In the entries that follow, find the line containing "Festival en ligne" and the line containing "Стиль mid-century modern: бар", then copy exactly everything from the first through the second except the pictures.

EXERCISE DATA →
■ ■ ■ ■
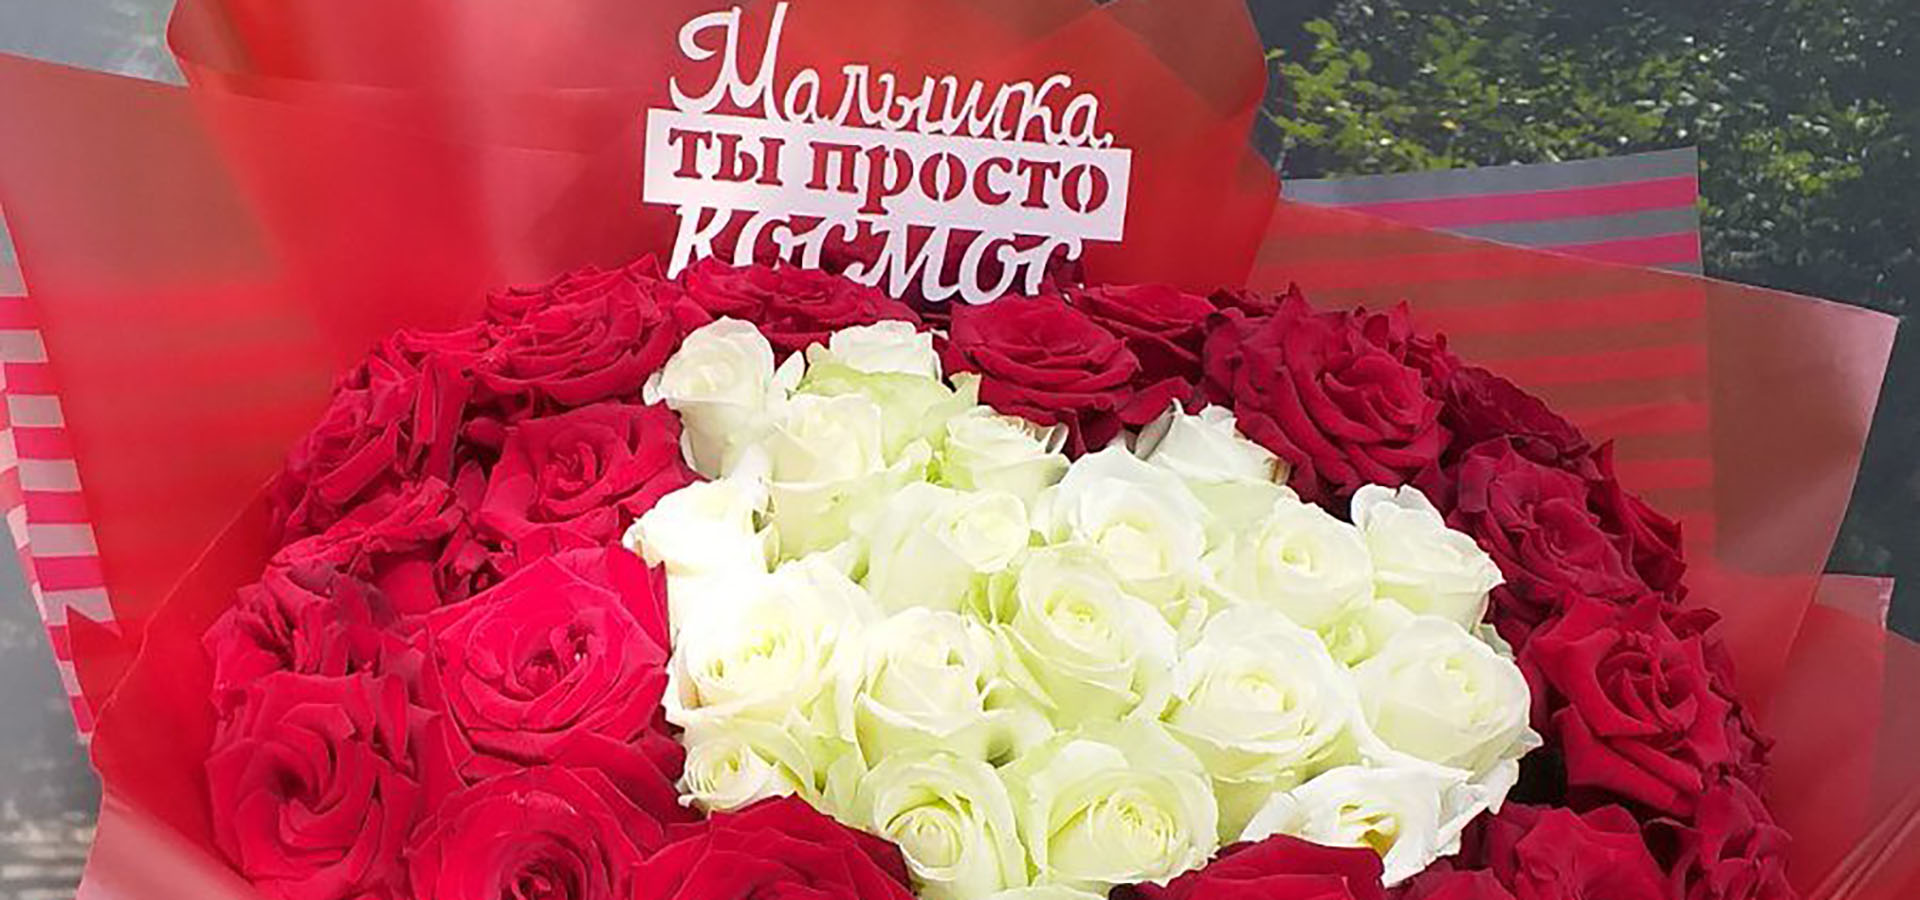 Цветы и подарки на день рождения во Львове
■ ■ ■ ■
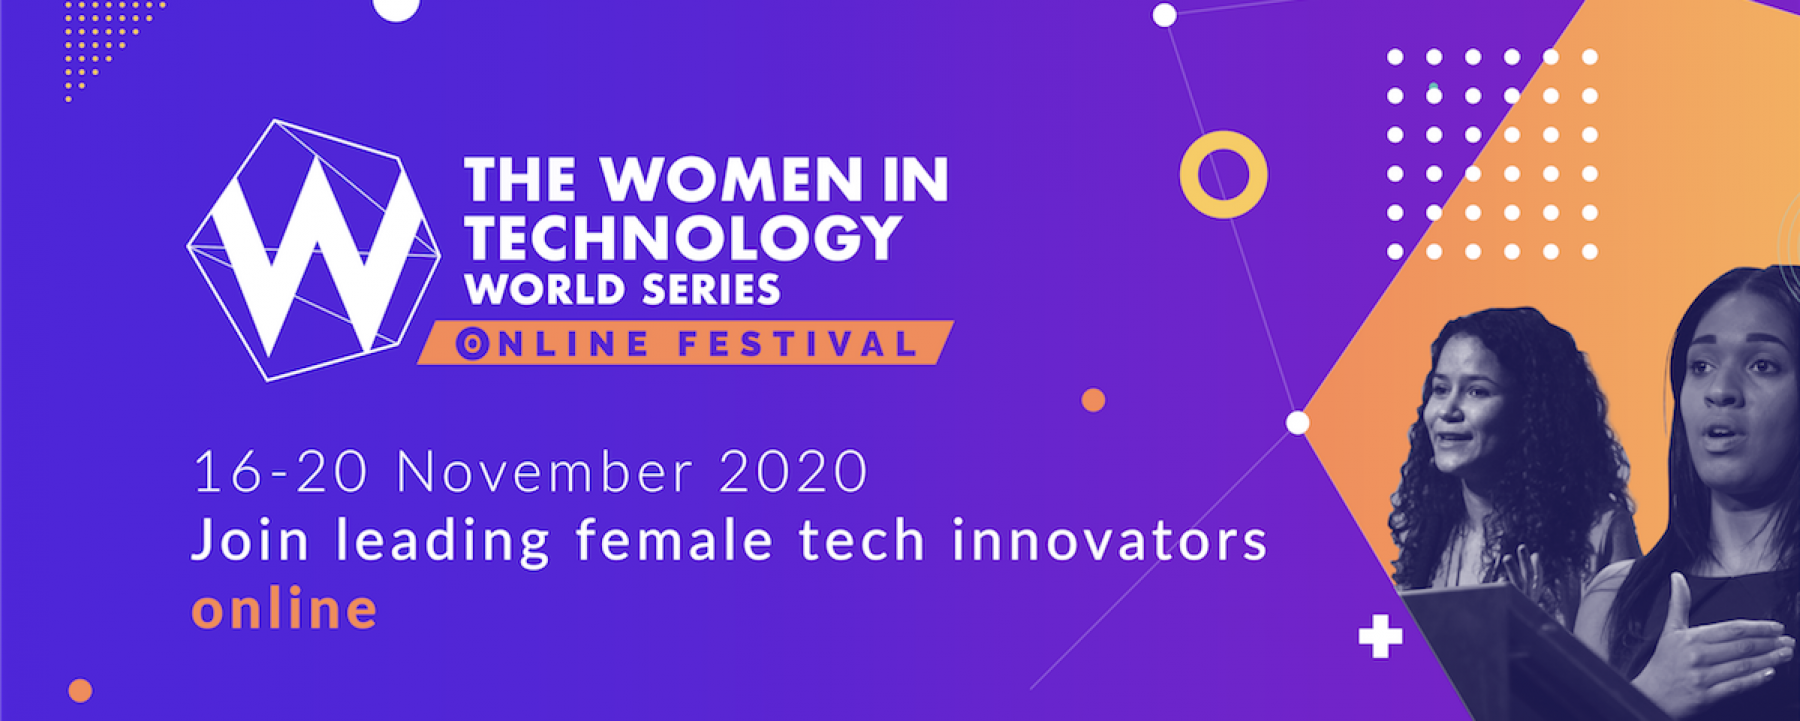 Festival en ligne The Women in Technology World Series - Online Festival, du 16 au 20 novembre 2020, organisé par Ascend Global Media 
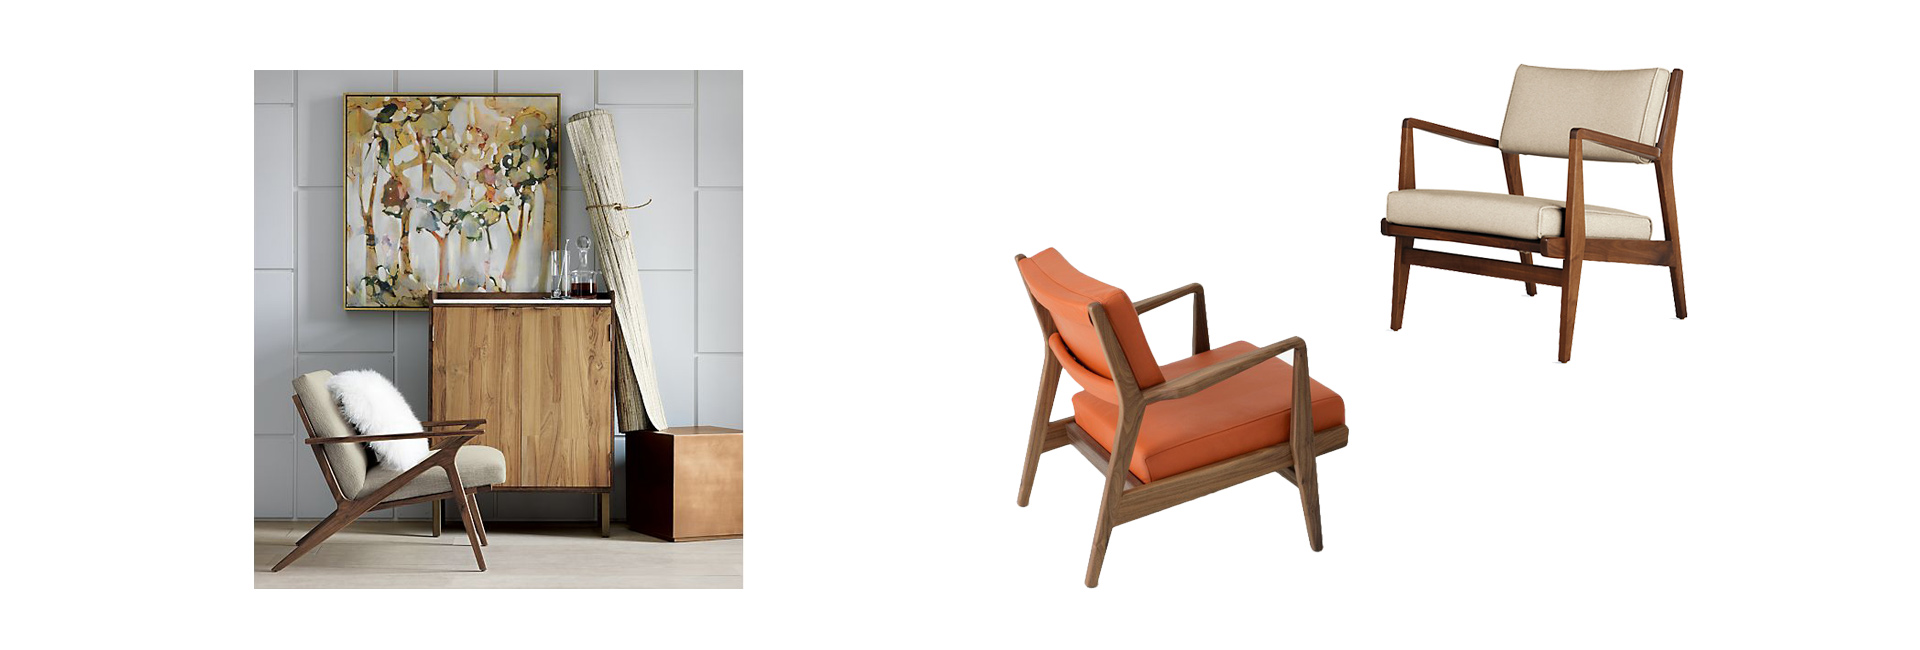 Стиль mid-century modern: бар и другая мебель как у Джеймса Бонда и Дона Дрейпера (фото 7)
■ ■ ■ ■
EXERCISE RESULT →
 Festival en ligne The Women in Technology World Series - Online Festival, du 16 au 20 novembre 2020, organisé par Ascend Global Media 
 Стиль mid-century modern: бар и другая мебель как у Джеймса Бонда и Дона Дрейпера (фото 7)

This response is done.